With his big flat feet, he ran like a duck in distress. He would shout, “The Japs are going to get you!” or “Hi-ho Silver!”
“I remember many times finishing a long run,” Tipper said. “Everyone at the point of exhaustion and waiting in formation for the command, ‘Fall out!’ Sobel would be running back and forth in front of his men shouting, ‘Stand still, STAND STILL!’ He would not dismiss us until he was satisfied that we had the discipline to impersonate statues at his command. Impossible, of course. But we did what he wanted when he wanted. We wanted those wings.”
Gordon developed a lifelong hatred of Sobel. “Until I landed in France in the very early hours of D-Day,” Gordon said in 1990, “my war was with this man.” Along with other enlisted, Gordon swore that Sobel would not survive five minutes in combat, not when his men had live ammunition. If the enemy did not get him, there were a dozen and more men in Easy who swore that they would. Behind his back the men cursed him, “f——ing Jew” being the most common epithet.
Sobel was as hard on his officers as on the enlisted men. Their physical training was the same, but when the men heard the final “fall out” of the day, they were free to go to their bunks, while the officers had to study the field manuals, then take a test on the assignment Sobel had given them. When he held officers’ meetings, Winters recalled, “He was very domineering. There was no give-and-take. His tone of voice was high-pitched, rasplike. He shouted instead of speaking in a normal way. It would just irritate you.” The officers’ nickname for their captain was “The Black Swan.”
Sobel had no friends. Officers would avoid him in the officers’ club. None went on a pass with him, none sought out his company. No one in Easy knew anything about his previous life and no one cared. He did have his favorites, of whom No. 1 was company 1st Sgt. William Evans. Together, Sobel and Evans played men off against one another, granting a privilege here, denying one there.
Anyone who has ever been in the Army knows the type. Sobel was the classic chickenshit. He generated maximum anxiety over matters of minimum significance. Paul Fussell, in his book Wartime, has the best definition:
“Chickenshit refers to behavior that makes military life worse than it need be: petty harassment of the weak by the strong; open scrimmage for power and authority and prestige, – sadism thinly disguised as necessary discipline,- a constant
‘paying off of old scores’; and insistence on the letter rather than the spirit of ordinances. Chickenshit is so called—instead of horse- or bull- or elephant shit—because it is small-minded and ignoble and takes the trivial seriously.”(3) Sobel had the authority over the men. Lieutenant Winters had their respect. The two men were bound to clash. No one ever said so directly, and not everyone in Easy recognized what was happening, and Winters did not want it that way, but they were in competition to be the leader.

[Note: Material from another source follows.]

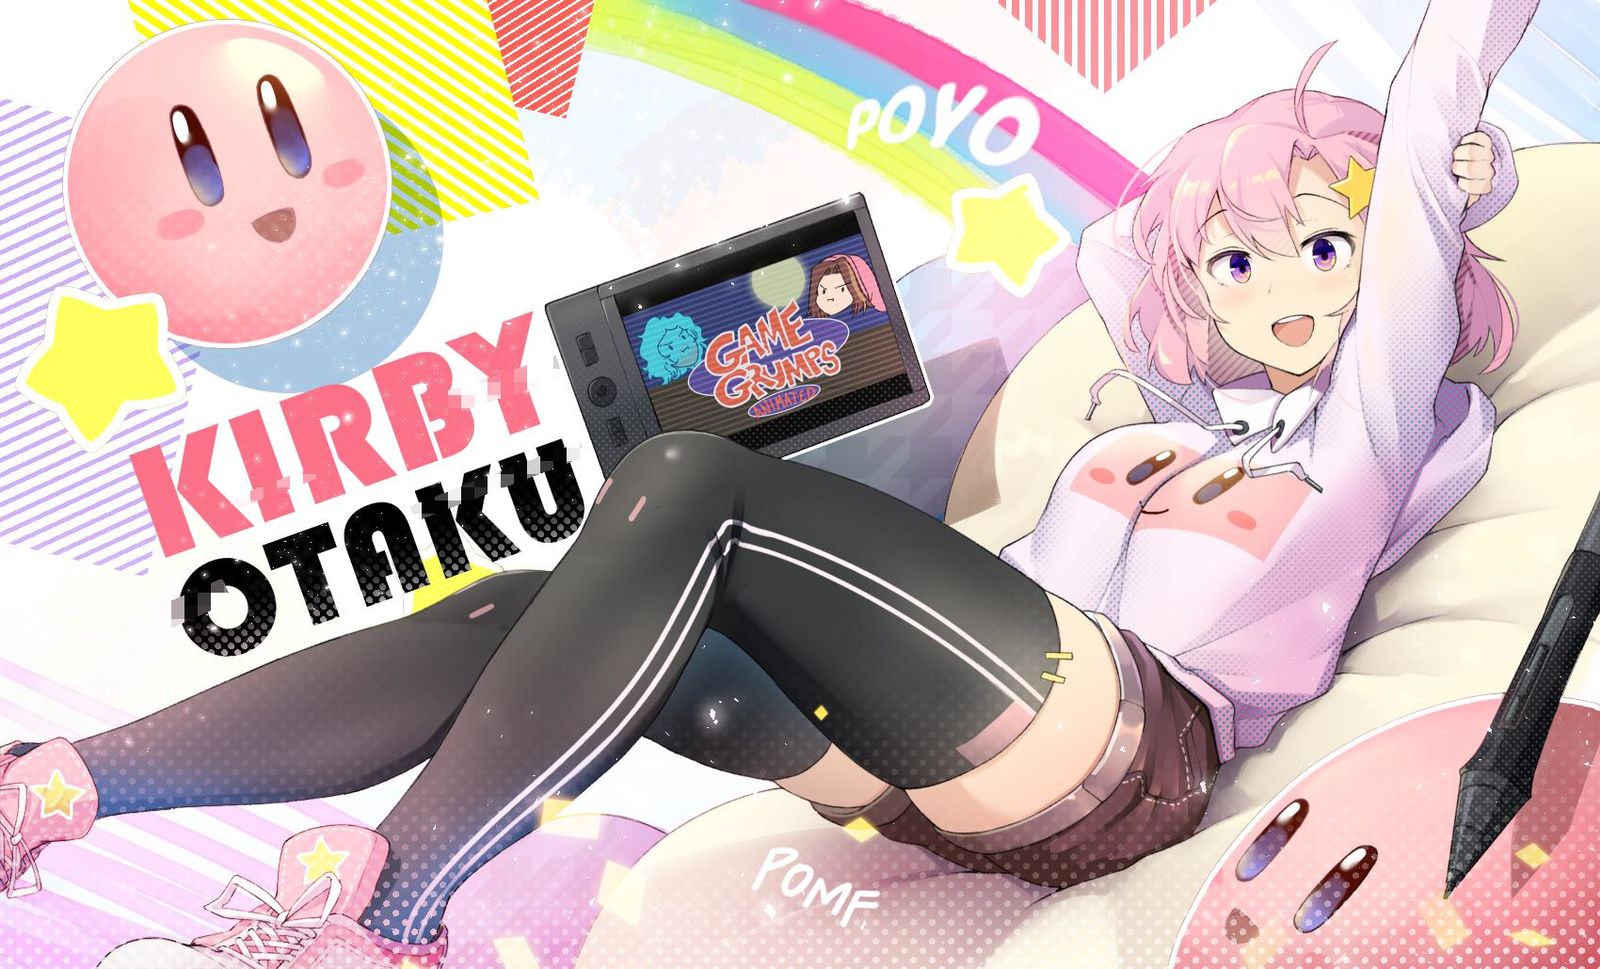 Fanart for KirbyOtaku

Sobel’s resentment of Winters began during the first week at Toccoa. Winters was leading the company in calisthenics. He was up on a stand, demonstrating, “helping the fellows get through the exercise. These boys, they were sharp. And I had their complete attention.” Colonel Sink walked past. He stopped to watch. When Winters finished, Sink walked up to him. “Lieutenant,” he asked, “how many times has this company had calisthenics?”
“Three times, sir,” Winters replied.
“Thank you very much,” Sink said. A few days later, without consulting Sobel, he promoted Winters to 1st lieutenant. For Sobel, Winters was a marked man from that day. The C.O. gave the platoon leader every dirty job that he could find, such as latrine inspection or serving as mess officer.
Paul Fussell wrote, “Chickenshit can be recognized instantly because it never has anything to do with winning the war.”(4)
3. Paul Fussell, Wartime: Understanding and Behavior in the Second World War (New York: Oxford University Press, 1989), 80.
4. Ibid.
Winters disagreed. He believed that at least some of what Sobel was doing—if not the way he was doing it—was necessary. If Easy ran farther and faster than the other companies, if it stayed on the parade ground longer, if its bayonet drills were punctuated by “The Japs are going to get you!” and other exhortations, why, then, it would be a better company than the others.